In a last phone conversation, Harry refused to talk further and told Styles he would never get the full Shelburne story. When Styles suggested that maybe what he saw was wrongly identified as a UFO, Harry angrily responded, "I don't know what it was down there and I don't know where it came from. But it didn't come from this planet." (DO, pp. 67-71)
Some lesser witnesses also knew of something happening in the Shelburne area. Another military witness was "Terry," a retired Air Force officer, who was an ELINT (Electronic Intelligence) specialist attached to the 405 Squadron out of RCAF, Greenwood, Nova Scotia. He was receiving special training in Port Hawksbury, N.S., when he was suddenly ordered to fly special missions from Maine to Shelburne, dropping sonar buoys. The missions lasted 7 days, then suddenly stopped. Once when the crews were joking with one another, they were harshly ordered not to discuss dropping the sonar equipment with anyone and to keep their mouths shut. Terry said he had never seen missions handled in such a heavy-handed manner, even though they routinely intercepted Russian subs. It was also highly unusual for the Canadian Air Force and the air force of the American Navy to interact as they did, the regular conventions concerning American/Canadian border incursions being set aside. (DO, p. 80-81)

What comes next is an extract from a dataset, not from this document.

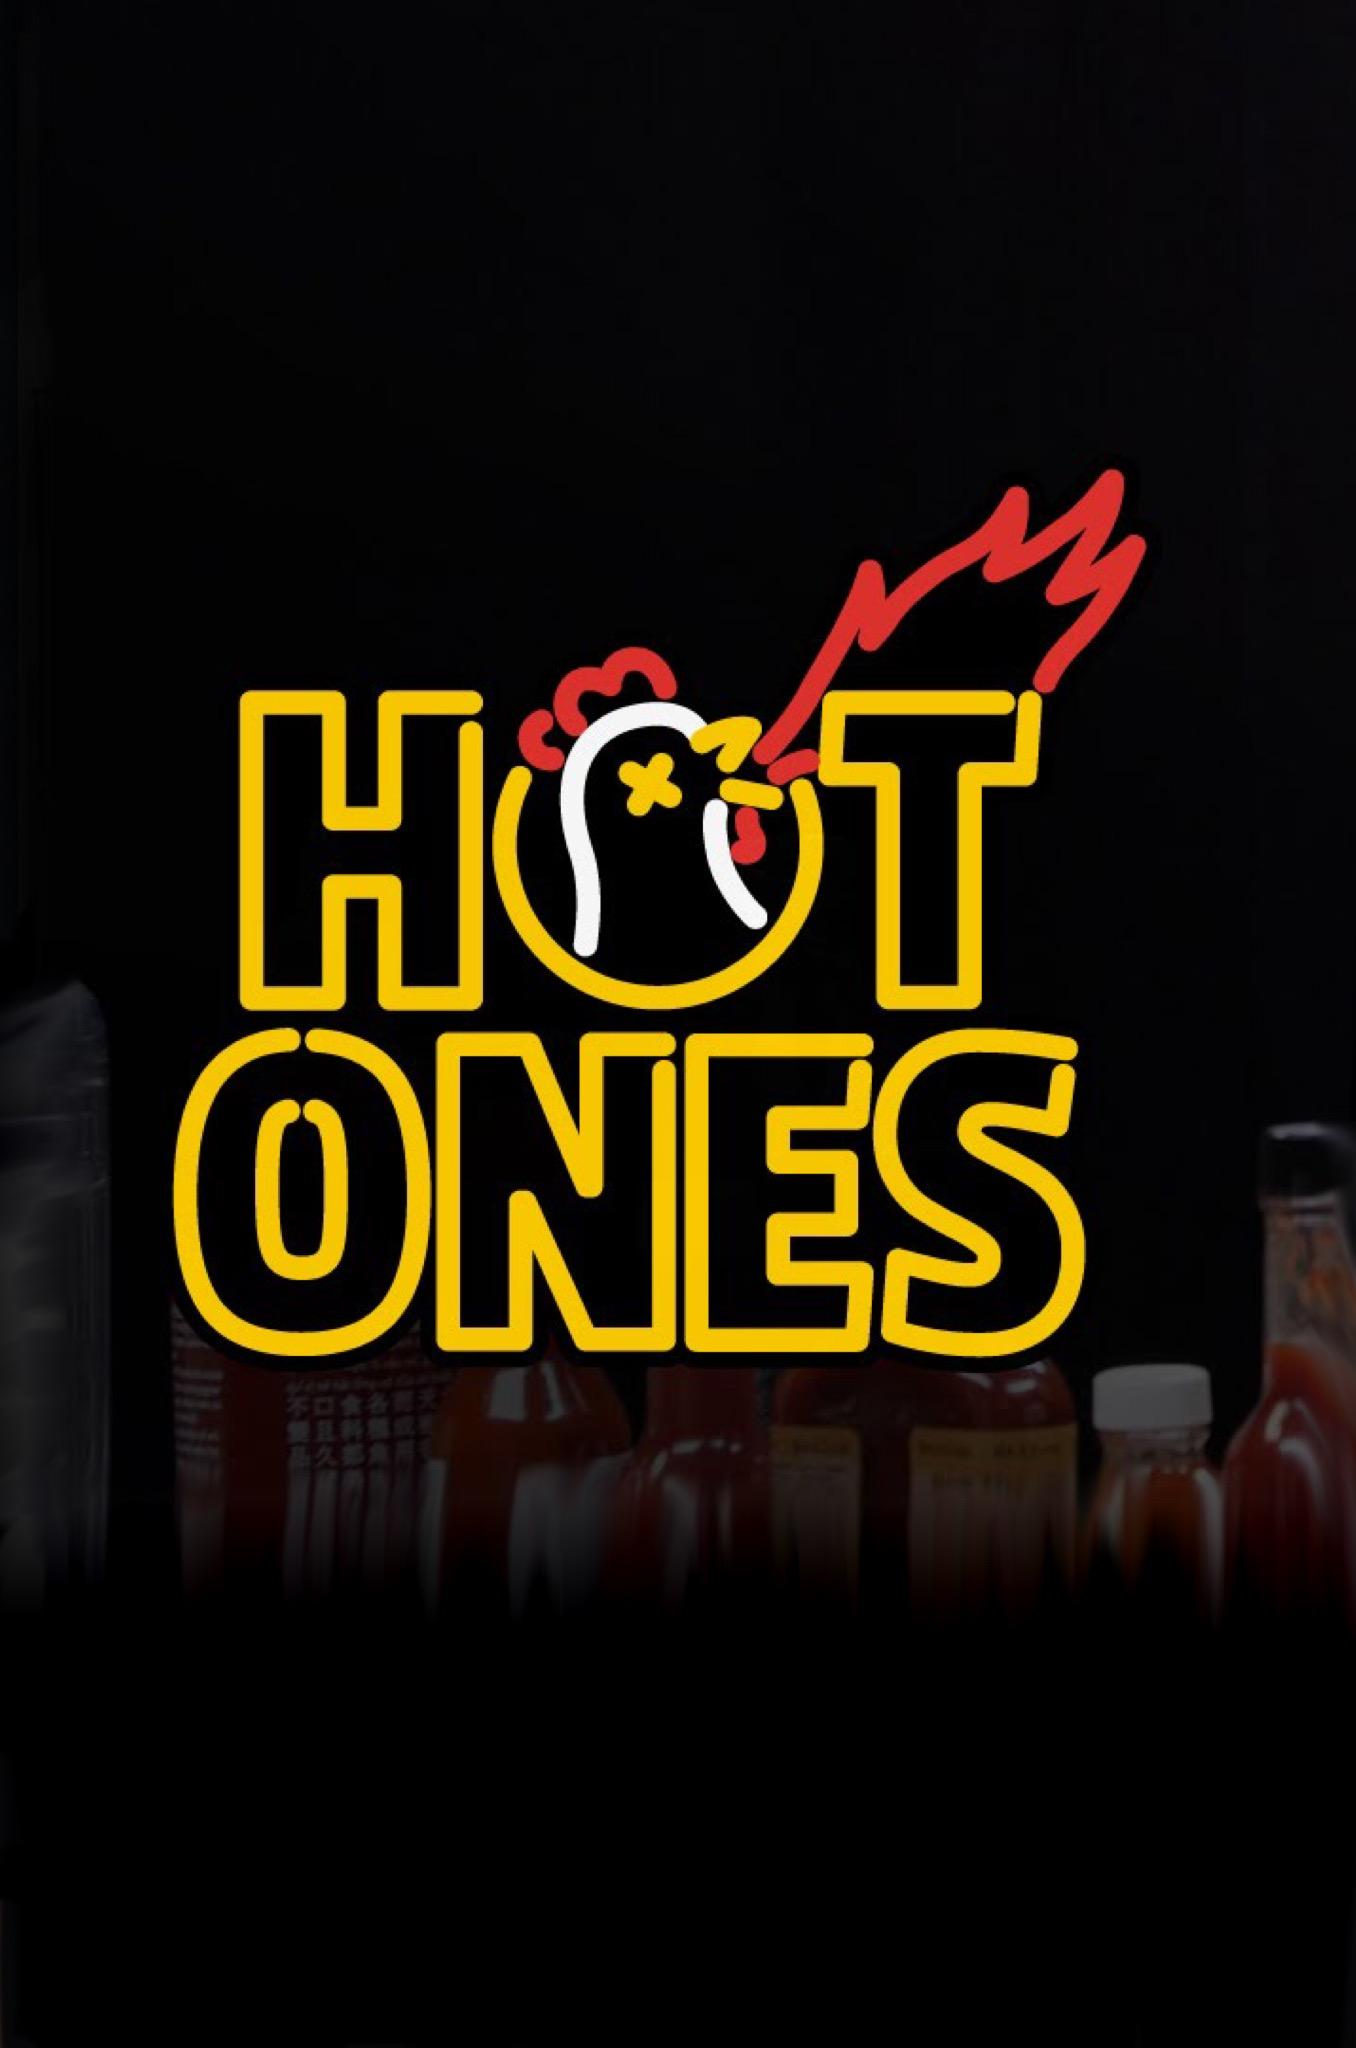 d07e87073a1 Hot Ones (TV Series 2015– ) - IMDb

Terry's wife happened to live in Shelburne at the time of the Shag Harbour incident and remembered it well. Her father was involved with the armed forces, and she mentioned they had quarantined Shelburne Base and blocked the road to Government Point. The military was checking cars as they went through. (DO, p. 81)

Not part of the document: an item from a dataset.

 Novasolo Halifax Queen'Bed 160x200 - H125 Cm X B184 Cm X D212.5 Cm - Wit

Another witness, who Styles met by chance, told a very similar story. As a boy he remembered the military blocking the road to Government Point, letting only the locals through. From Government Point one could look over a two-mile stretch of water where the flotilla of ships would have been anchored. (DO, p. 76)
Not all military witnesses claimed to know something. Chris Styles also interviewed Squadron Leader Major William Bain, chief of the Royal Canadian Air Force Air Desk in Ottawa. Back then the Air Desk was the clearing house for UFO reports for the Royal Canadian Air Force and federal government. Bain's name was on several of the documents that Styles had uncovered. Bain said he was aware of the recovery effort at Shag Harbour, but claimed no knowledge of the Shelburne recovery off Government Point. Bain admitted that Styles' evidence could make someone justifiably suspicious. He added that any recovery could have been coordinated and perhaps covered up by the Navy and NORAD. (DO, p. 99)
A very uncooperative military witness was Major Victor Eldridge. In Oct. 1967 he was the base administrative officer at Baccaro, a NORAD radar facility near Shelburne. Eldridge claimed to have zero knowledge or memory of the Shag Harbour crash. Styles reminded him that Baccaro base would have been one of the staging areas for the publicized recovery effort at Shag Harbour, so he must have known quite a bit. Eldridge said he would like to help but couldn't. Then he tried to ridicule Style's efforts, suggesting there wasn't anything of substance. To this Styles retorted that was a strong opinion for someone claiming to have no memory or knowledge of the events.
The Lighthouse Keeper's Strange Story
The man on duty at the Cape Roseway lighthouse on the night of Oct. 4, 1967 was finally located. The lighthouse was only 2-1/2 miles across the water of Shelburne Harbour from the sub tracking base at Government Point and would have an excellent vantage point of the reported recovery area there.
Barry Crowell, however, didn't remember seeing any ships, perhaps because of the common low-lying fog there. However, on the night of Oct. 4, just before midnight (or only about half an hour after the crash at Shag Harbour), something very strange did happen. Walking to the lighthouse with the keeper he was about to relieve, Brenton Reynolds, he saw 3 flares suddenly appear, lighting up the area. Coming ashore, in some distress, was a rubber Zodiac boat. They found some very frightened men dressed in dark military garb. They spoke with British accents. The men were soaked and their leader explained this was a mock commando raid. They were to secure the lighthouse, hold the island, and control lighthouse operations and radio traffic. They had come from a submarine.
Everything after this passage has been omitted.